▶ YOUR INSTRUCTIONS
Using the material that follows, output exactly the lines from the one containing "Review on Cryptococcus" through the one containing "Open book on", with both ends kept.

▶ SOURCE DATA
"""
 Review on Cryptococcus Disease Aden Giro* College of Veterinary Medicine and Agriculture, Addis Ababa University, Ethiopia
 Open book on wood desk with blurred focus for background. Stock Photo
"""
"""
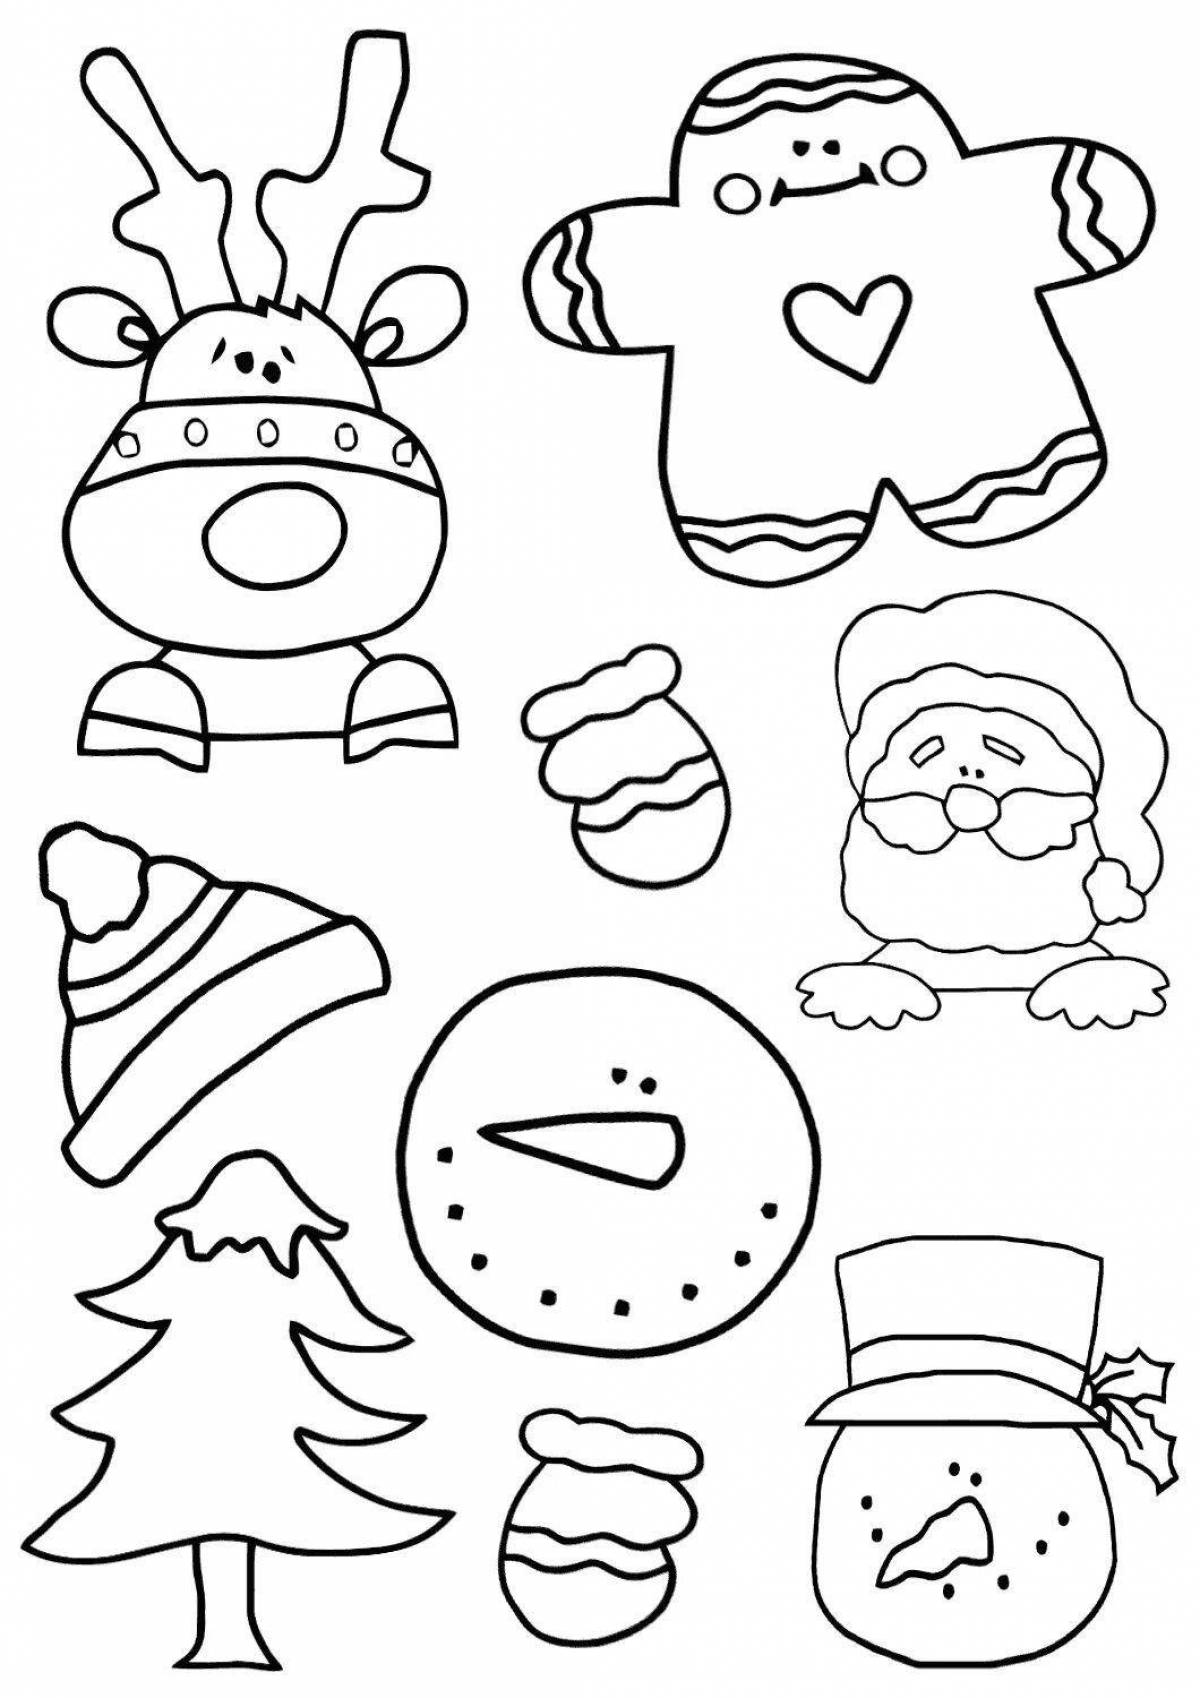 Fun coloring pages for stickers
"""
"""
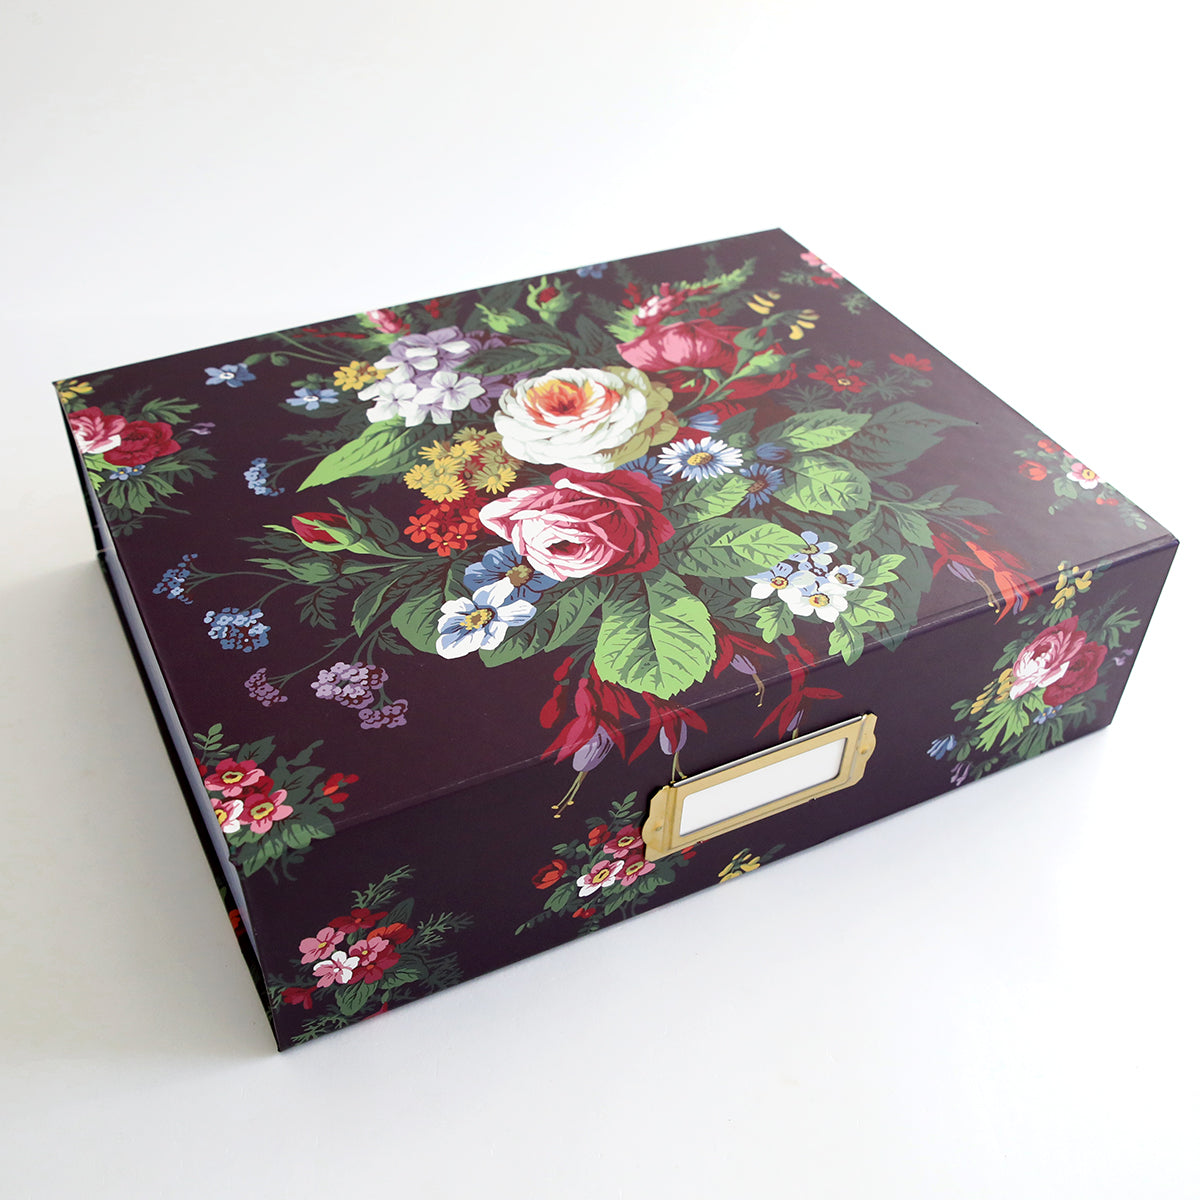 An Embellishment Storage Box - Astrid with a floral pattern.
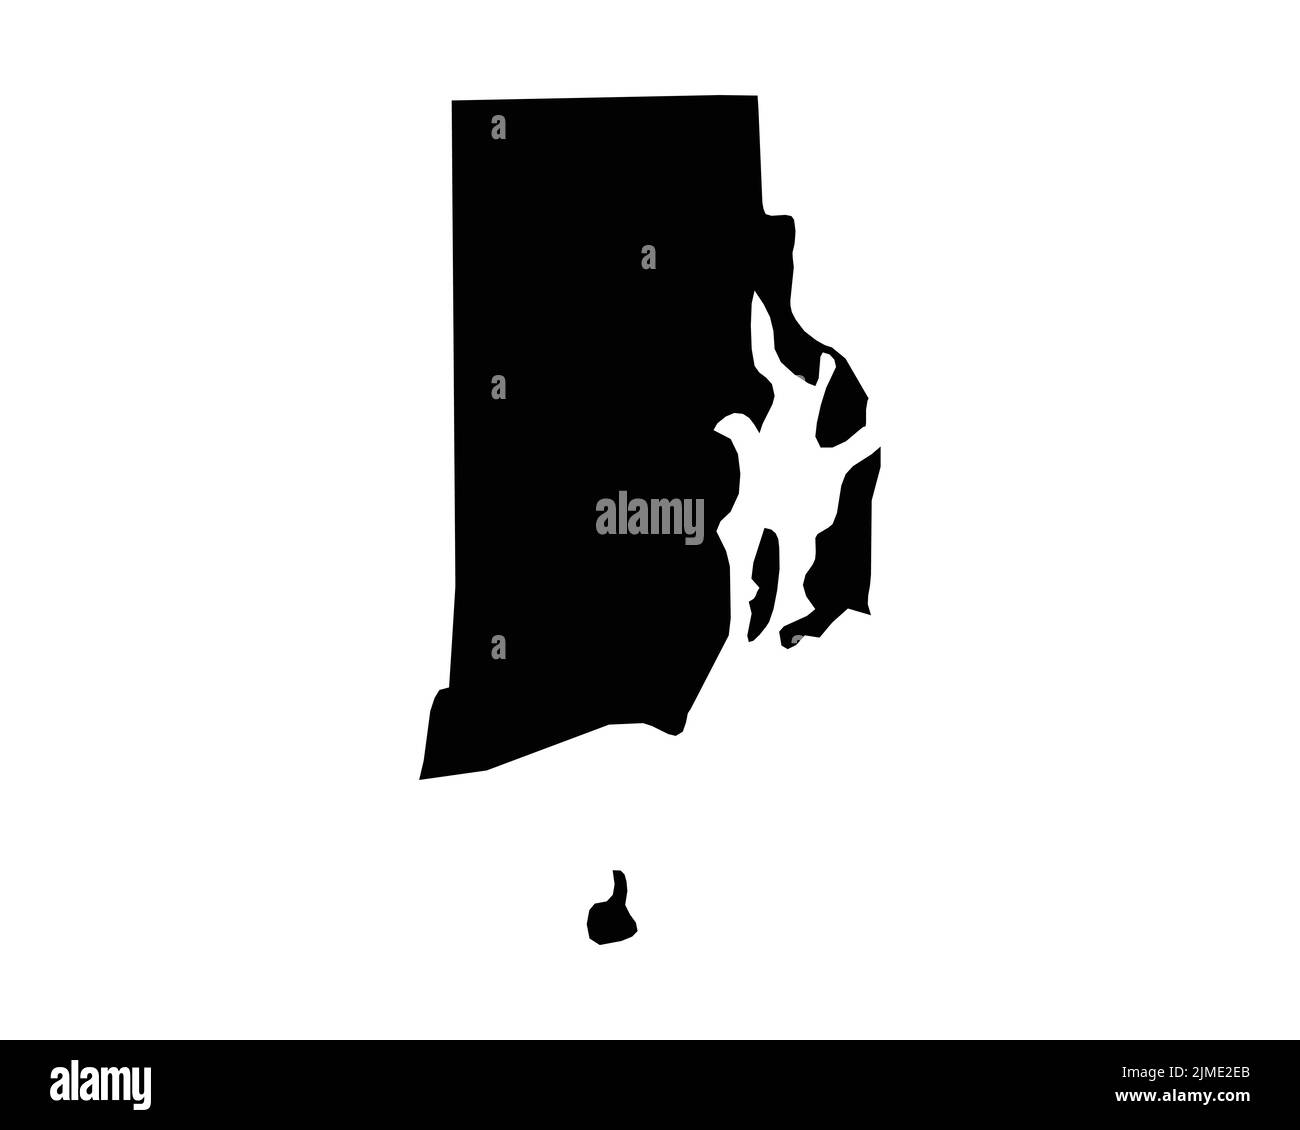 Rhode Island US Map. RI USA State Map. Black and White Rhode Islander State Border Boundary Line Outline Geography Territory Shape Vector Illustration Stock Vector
"""
▶ WORKED SOLUTION
 Review on Cryptococcus Disease Aden Giro* College of Veterinary Medicine and Agriculture, Addis Ababa University, Ethiopia
 Open book on wood desk with blurred focus for background. Stock Photo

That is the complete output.